_Data:_
::::::::::

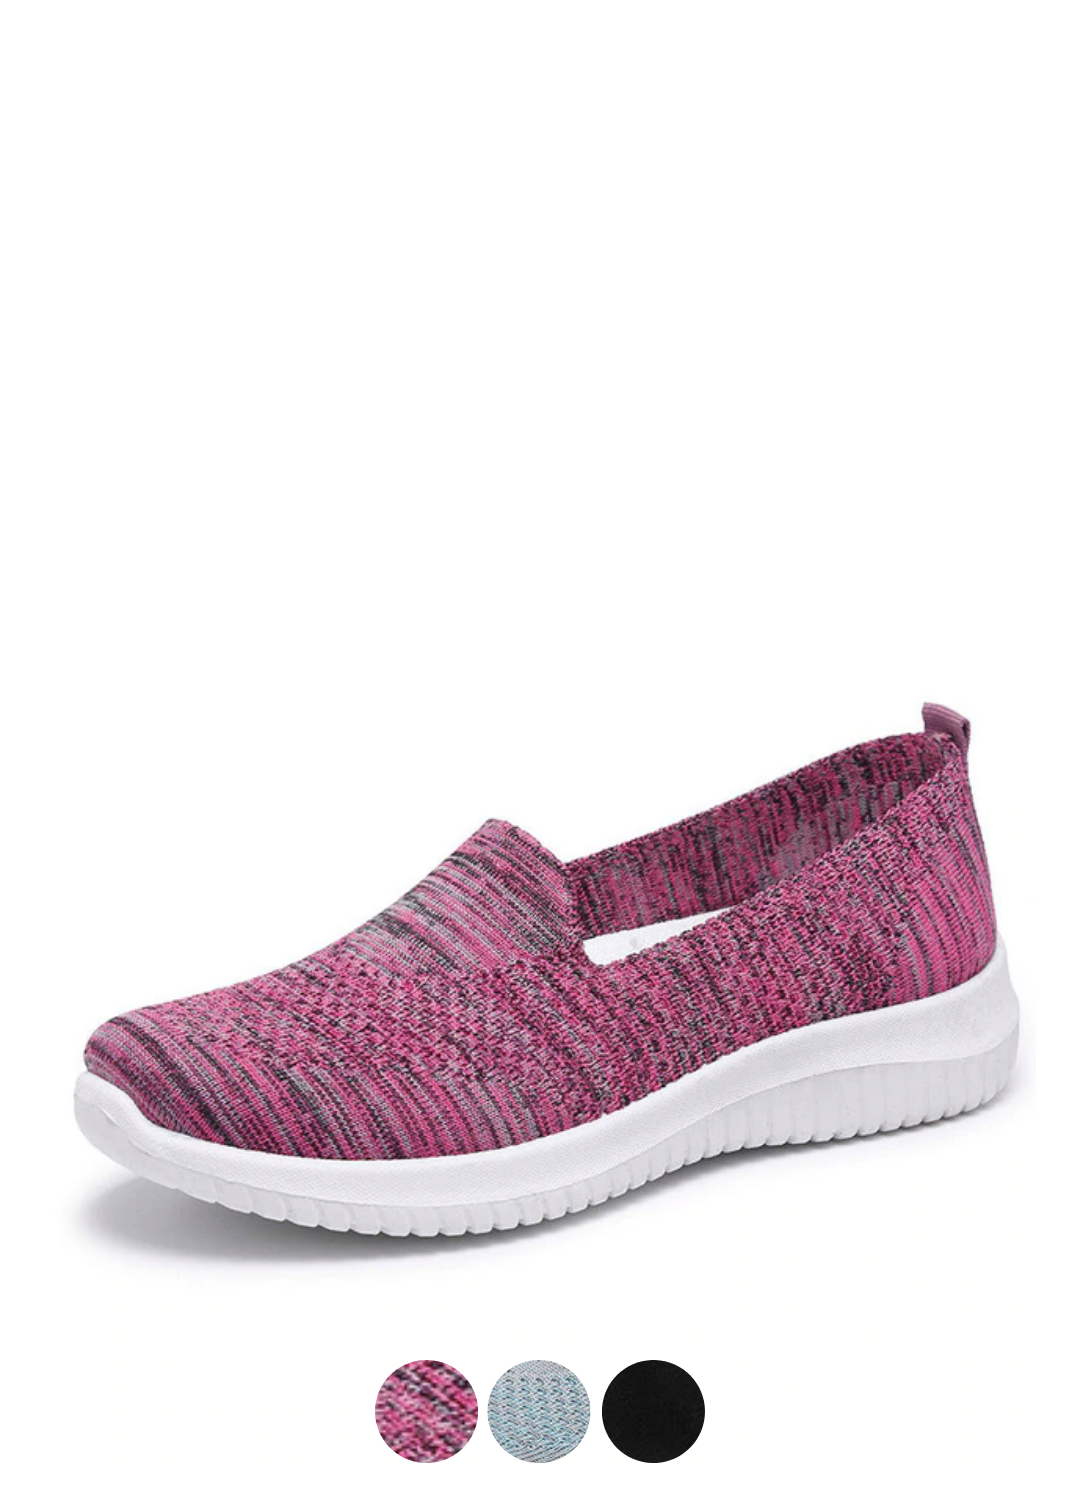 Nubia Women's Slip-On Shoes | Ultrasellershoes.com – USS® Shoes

::::::::::

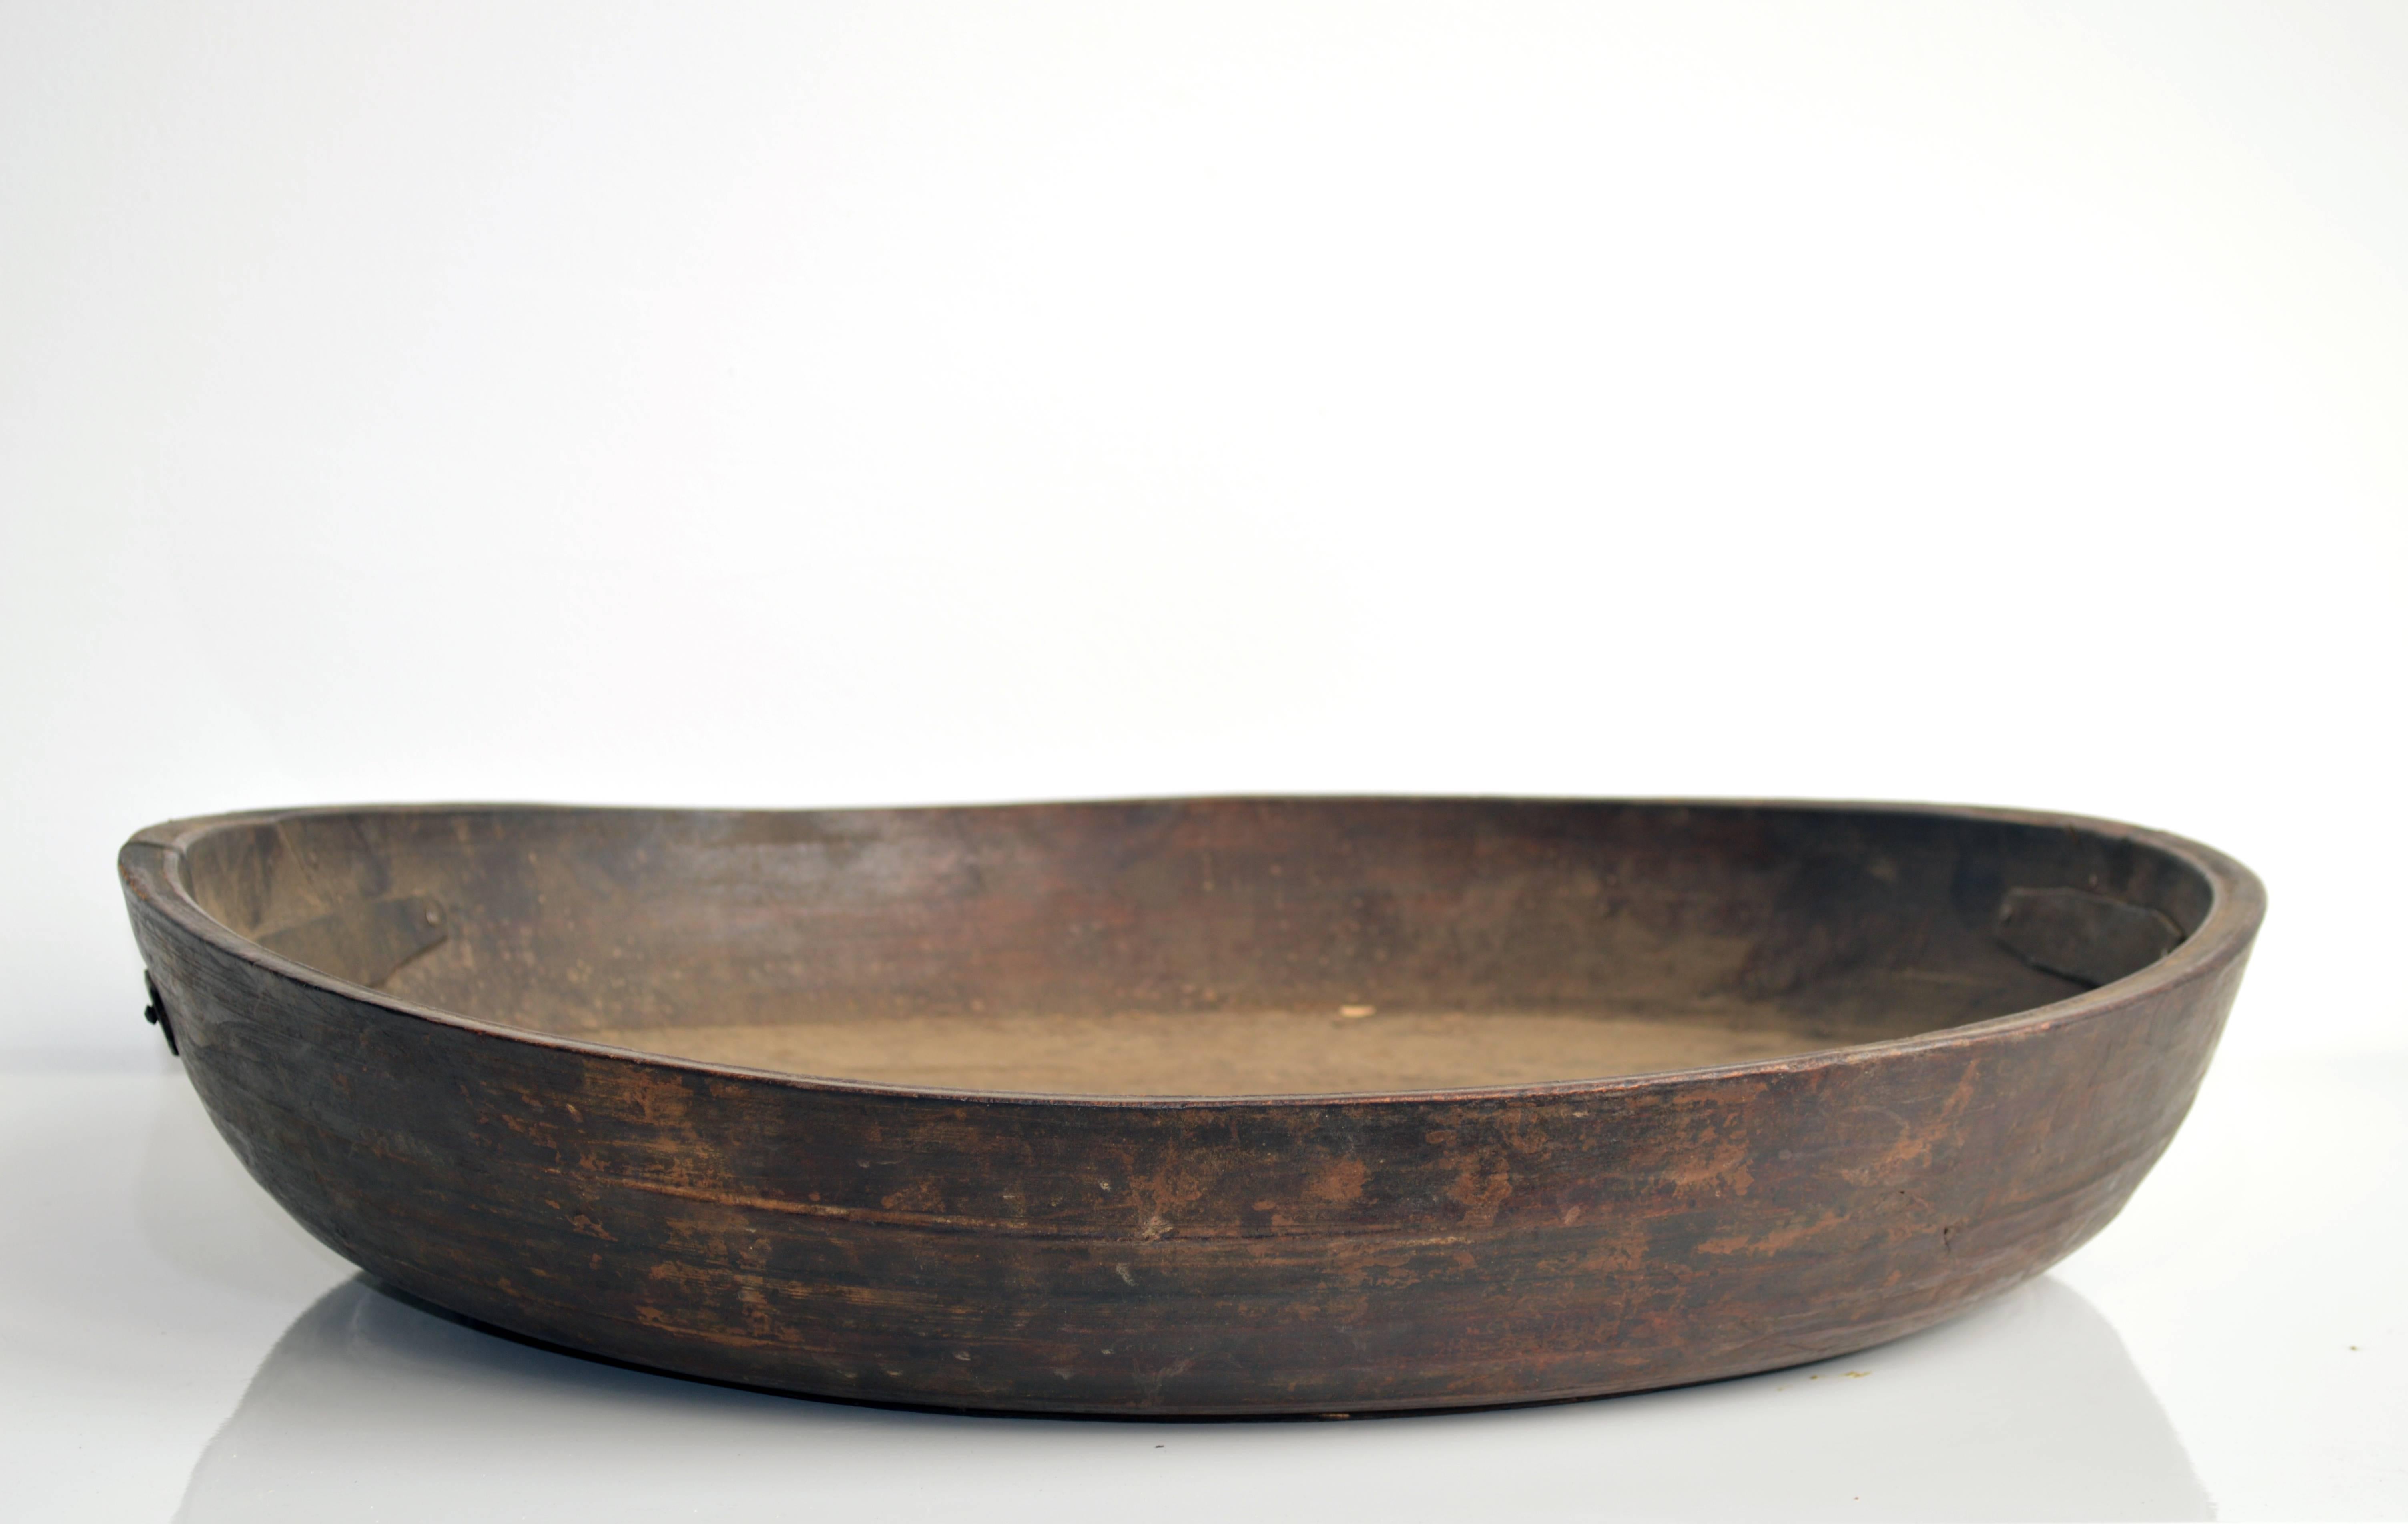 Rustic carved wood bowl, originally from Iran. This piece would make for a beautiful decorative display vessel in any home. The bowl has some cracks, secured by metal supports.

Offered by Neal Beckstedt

::::::::::

_Work instruction:_ Pictures excluded, reproduce only the part above that opens with the line holding "Rustic carved wood" and closes with the line holding "Offered by Neal Beckstedt", exactly as written.

_Answer to the problem:_
 Rustic carved wood bowl, originally from Iran. This piece would make for a beautiful decorative display vessel in any home. The bowl has some cracks, secured by metal supports.

Offered by Neal Beckstedt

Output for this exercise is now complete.